Stratigraphically, the Sheep Track Member is a minor unit of the Big Raven Formation, covering area of about 40 km2 with a total volume of less than 1 km3. It was deposited on nearly all Snowshoe Lava Field flows and cinder cones of the Big Raven Formation, as well as on sediment of the surrounding Big Raven Plateau. The Sheep Track Member was also deposited on Koosick Bluff of the Ice Peak Formation and on Kakiddi Formation trachyte from Punch Cone on the western flank of Ice Peak. Both the Ice Peak and Kakiddi formations are older units of the Mount Edziza volcanic complex that were deposited about one million and 0.3 million years ago, respectively. Erosion has largely removed the Sheep Track Member from drainage channels of small intermittent streams on the upper Big Raven Plateau, but deposits as much as 2 m thick occur in interfluvial areas.

==Lithology==
The Sheep Track Member is lithologically distinct from the rest of the Big Raven Formation, consisting mainly of comenditic trachyte that straddles near the alkaline–peralkaline boundary. It is in the form of air-fall pumice which reaches a thickness of up to 2 m along the western edge of Tencho Glacier where snowball-sized pumice fragments up to 10 cm wide are distributed over an area of several square kilometres. The pumice rapidly decreases to pea-sized fragments around the margins of the pile, covering a circular area at least 10 km in diameter. Thin drifts of wind-blown pumice cover The Saucer in the Snowshoe Lava Field which likely postdates the deposition of the Sheep Track Member.
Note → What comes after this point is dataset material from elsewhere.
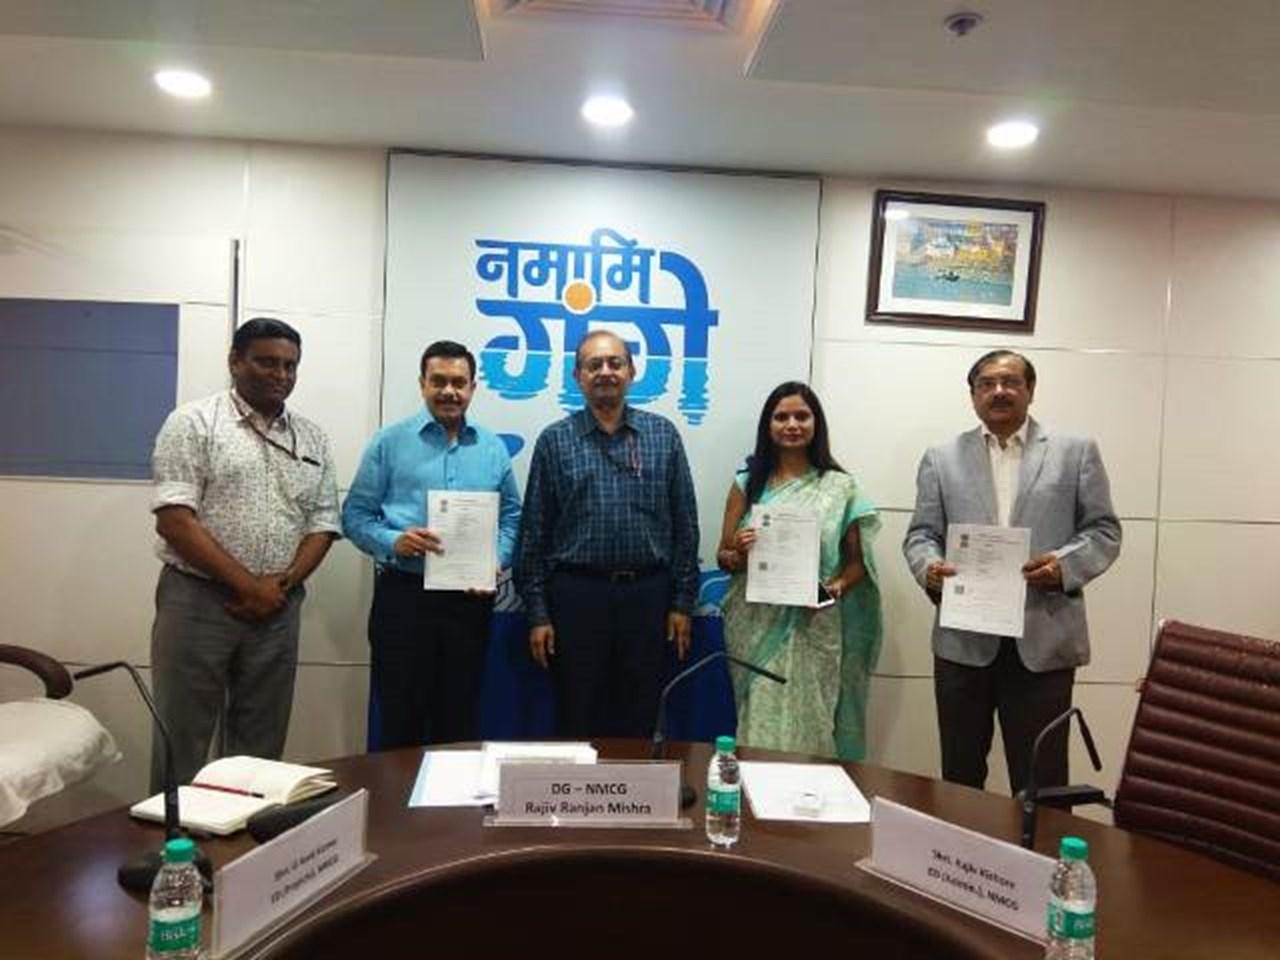 NMGC approves new projects for rejuvenation of 6 rivers in Uttarakhand | ఉత్తరాఖండ్లోని 6 నదుల పునరుజ్జీవనం కోసం కొత్త ప్రాజెక్టులను ఎన్ఎంజిసి ఆమోదించింది |_40.1

Pumice of the Sheep Track Member comprises clear trachytic glass with tubular, open vesicles; alkali feldspar is in the form of rare microphenocrysts. It is compositionally distinct from the Finlay tephras which may have originated from Level Mountain, Hoodoo Mountain, Heart Peaks or the Mount Edziza volcanic complex.

==Source==

The Sheep Track Member was deposited by a small but violent VEI-3 eruption from the southwestern flank of Ice Peak near the end of the Big Raven eruptive period. The vent location for this eruption remains unknown but it is probably hidden under Tencho Glacier, the largest glacier of the Mount Edziza volcanic complex. An artifact of the Sheep Track eruption may lie north of Coffee Crater where a deep, circular depression is present on the surface of the glacier. This depression may be caused by subglacial melting brought on by fumaroles, hot springs or heightened ground temperatures adjacent to the vent.

==Age==
The Sheep Track Member is absent within the trim lines of Mount Edziza's alpine glaciers, indicating that it was deposited by the Sheep Track eruption during the last glacial advance starting about 2,600 years ago. However, Sheep Track pumice is present on the subglacial volcano of Tennena Cone which suggests that glaciers of the last glacial advance had already begun to retreat before deposition. Fission track dating of pumice on the southwestern flank of Ice Peak has yielded an age of 950 CE ± 6000 years.